Streams and socket and pipes, oh my

You know, like "lions and tigers and bears, oh my"… okay, not funny, moving on…

The problem#

There's a lot of different ways to transmit streams of bytes between applications on the same host or different hosts with various reasons you might want to use each one. And sometimes the two endpoints might disagree on which one they want to be using.

The solution#

As it turns out, there actually is a single answer to bridging any two byte streams: socat. The documentation has plenty of examples.

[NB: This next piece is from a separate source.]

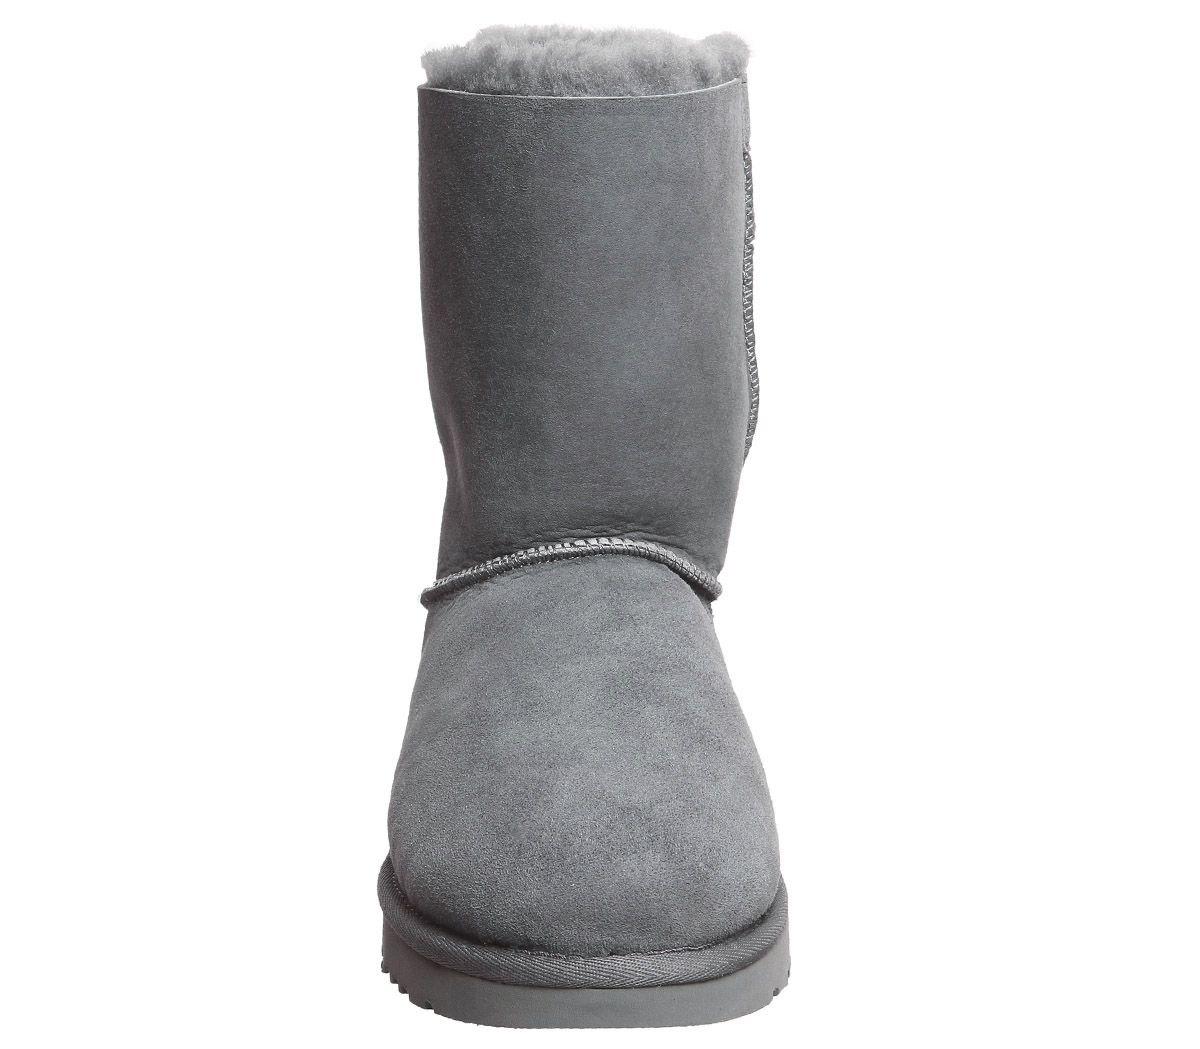 0ded6de0e94 Bailey Bow Ii Calf Boots

Here's a few I made up involving named pipes and Unix sockets to go along with my recent posts:

Bridge a pair of named pipes to a Unix socket#

socat UNIX-LISTEN:test.sock 'PIPE:pipe_in!!PIPE:pipe_out'

Builds a bridge such that a client sees a Unix socket test.sock and the server communicates through two named pipes, pipe-in to send data over the socket and pipe_out to read the data received over the socket.

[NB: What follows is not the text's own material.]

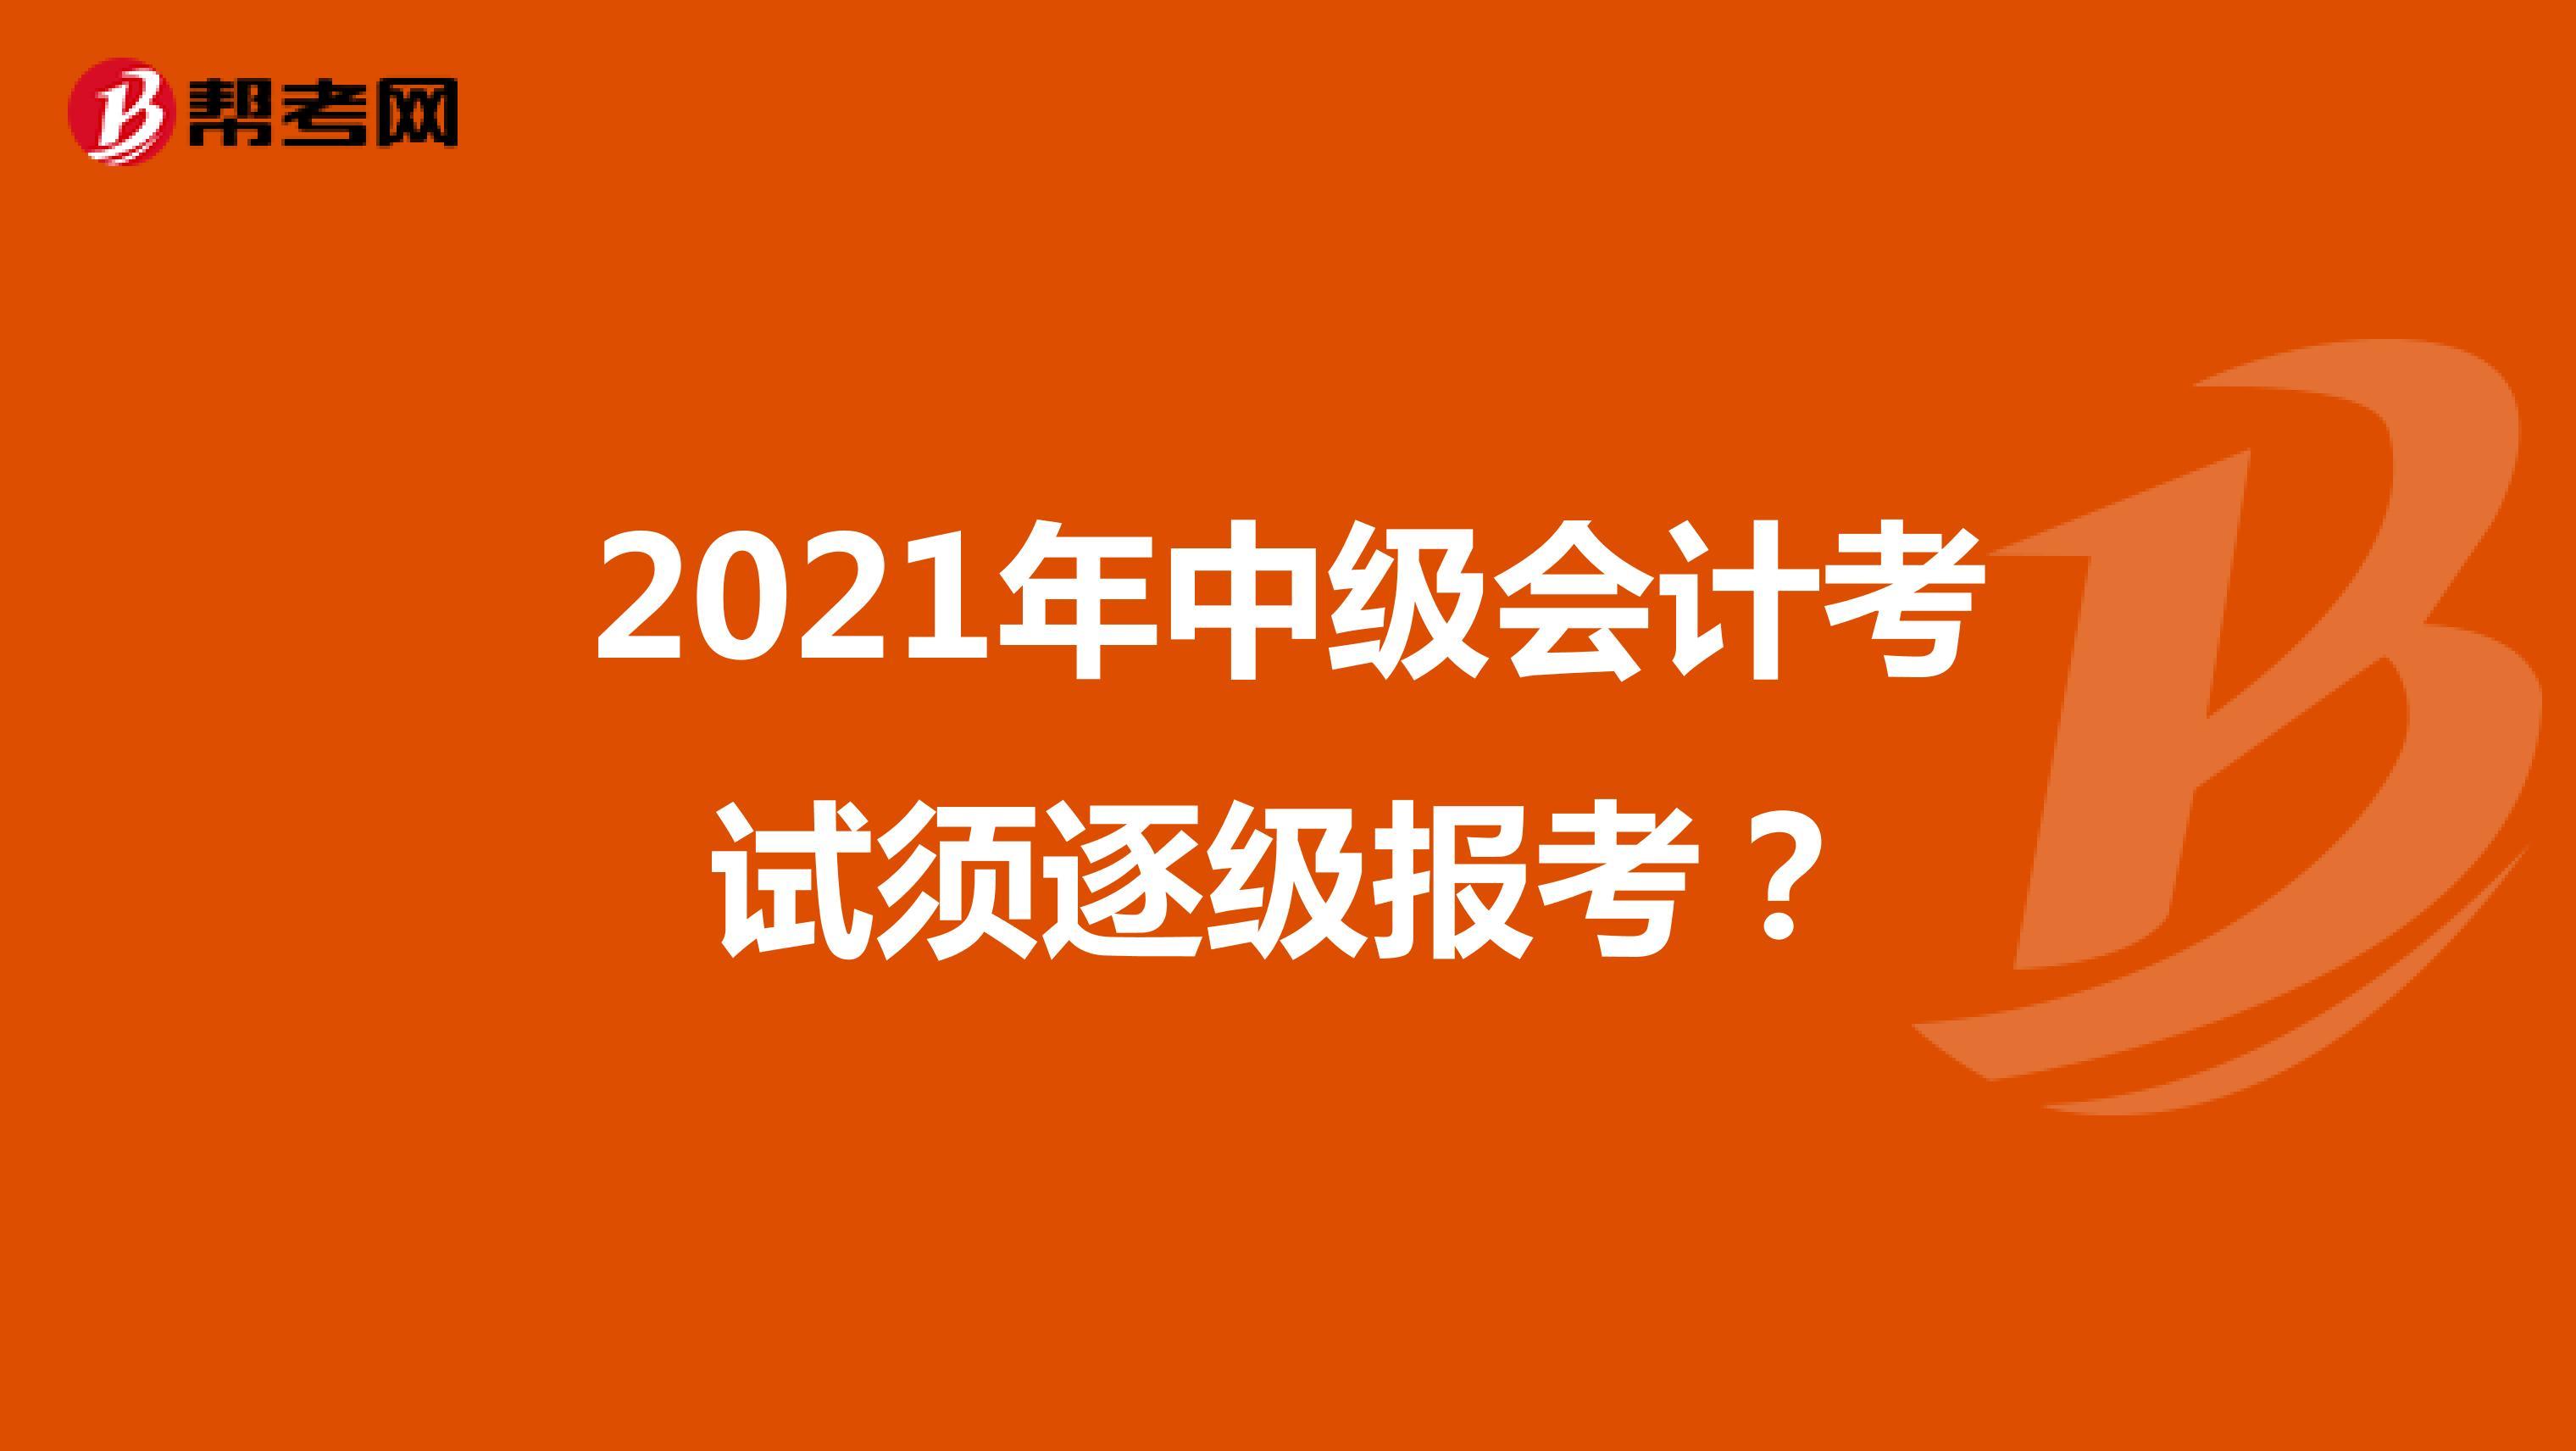 2021年中級會計考試須逐級報考?

Connect to Unix socket HTTP server via TCP#

socat TCP-LISTEN:8042,fork,bind=localhost \
    UNIX-CONNECT:http.sock

For an HTTP server accepting connections via the Unix socket http.sock, makes it also accept connections via the TCP socket localhost:8042.

Forward a Unix socket over an SSH connection#

socat EXEC:"ssh remote 'socat UNIX-CLIENT:service.sock -'" \
    UNIX-LISTEN:proxy-to-remote.sock

Note ssh can do the same without socat (including supporting either side being a TCP port):

ssh -N -L ./proxy-to-remote.sock:./service.sock remote

But that demonstrates combining socat and ssh for getting access to streams only accessible from a remote computer.

The details#

socat vs. nc#

socat describes itself as "netcat++". nc is the name of netcat's binary, which already points you towards a philosophical difference between the two tools: unlike socat verbose options, nc is terse:

$ nc -l -p 1234
# which can also be written with long options:
$ nc --listen --source-port 1234

is approximately equivalent to

$ socat - TCP-LISTEN:1234

Which one you prefer is a matter of taste: it's a lot more obvious at a glance what the socat command does, but the nc command takes up less space and is faster to type. Additionally, socat has a lot of options and is presumably more flexible than nc.

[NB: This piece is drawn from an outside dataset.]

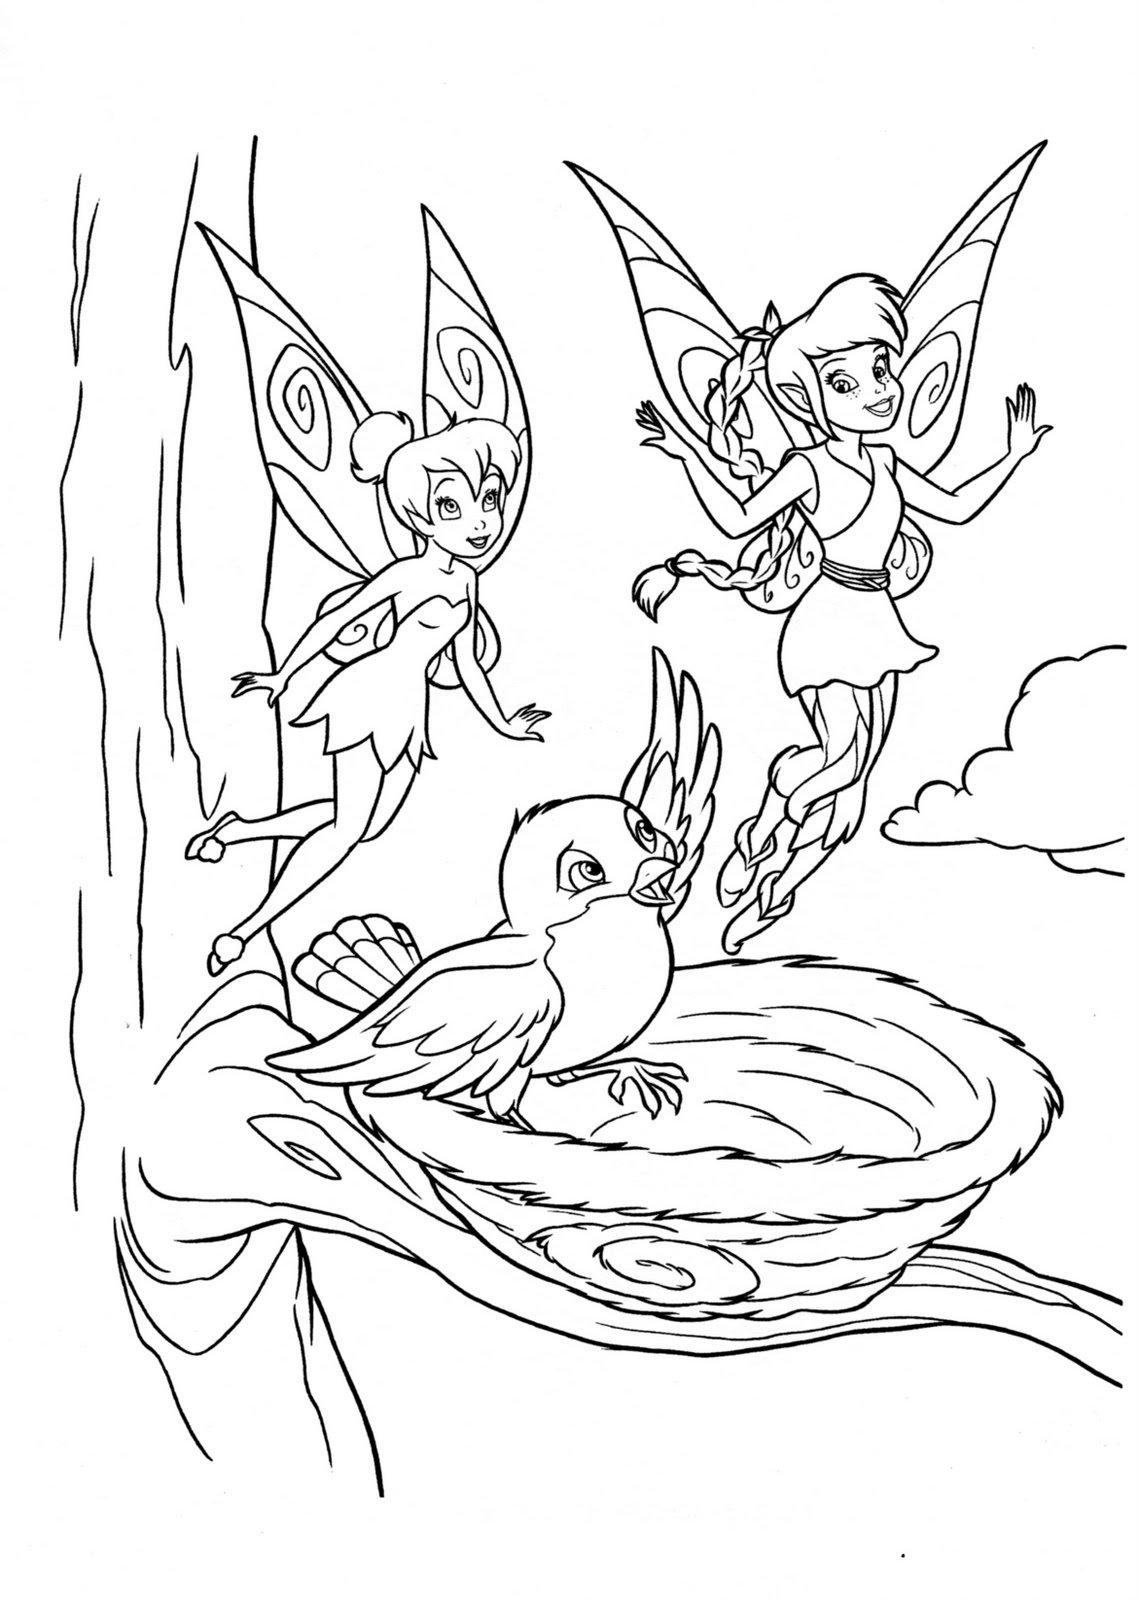 Desenhos Da Tinkerbell Para Colorir  Sininho E Fadas Do Filme, Pintar

nc has some complicated history resulting in there being multiple forks, so the exact feature set available on a given system may vary. If you're sticking to TCP/UDP, that's supported in the original, but Unix sockets and more obscure protocols like DCCP or SCTP are only available in some verions, so you can't necessarily rely on them being available on an arbitrary machine. (It also doesn't support named pipes explicitly, but shell redirection can handle them.)

As the older tool, nc is more likely to be available on a given system, which may make it preferable for use in scripts which may run a lot of different systems.

SSH forwarding#

While socat does support SSL/TLS for encryption, often it's more convenient to use SSH for encryption instead. As shown in the example above, the two can be combined where appropriate.

ssh offers the -L and -R options for forwarding TCP (or in newer versions also Unix) sockets. The L and R stand for Local or Remote, referring to which side SSH listens on, forwarding those connections to the other side. That is, -L listens to a TCP or Unix socket on the local side and forwards all connections made to that socket to the other one specified for the remote computer, which is presumably already running a service listening for connections. You can find plenty of example usages online, including this StackExchange answer.

Also used in the example above is the other way to forward streams over SSH: standard input/output. When ssh is run with a command as an argument, the standard input/output pipes are forwarded over the SSH connection. In the example above, this is used to effectively tunnel socat through SSH, although it can be used in general to flexibly run any part of any command pipeline on a different computer.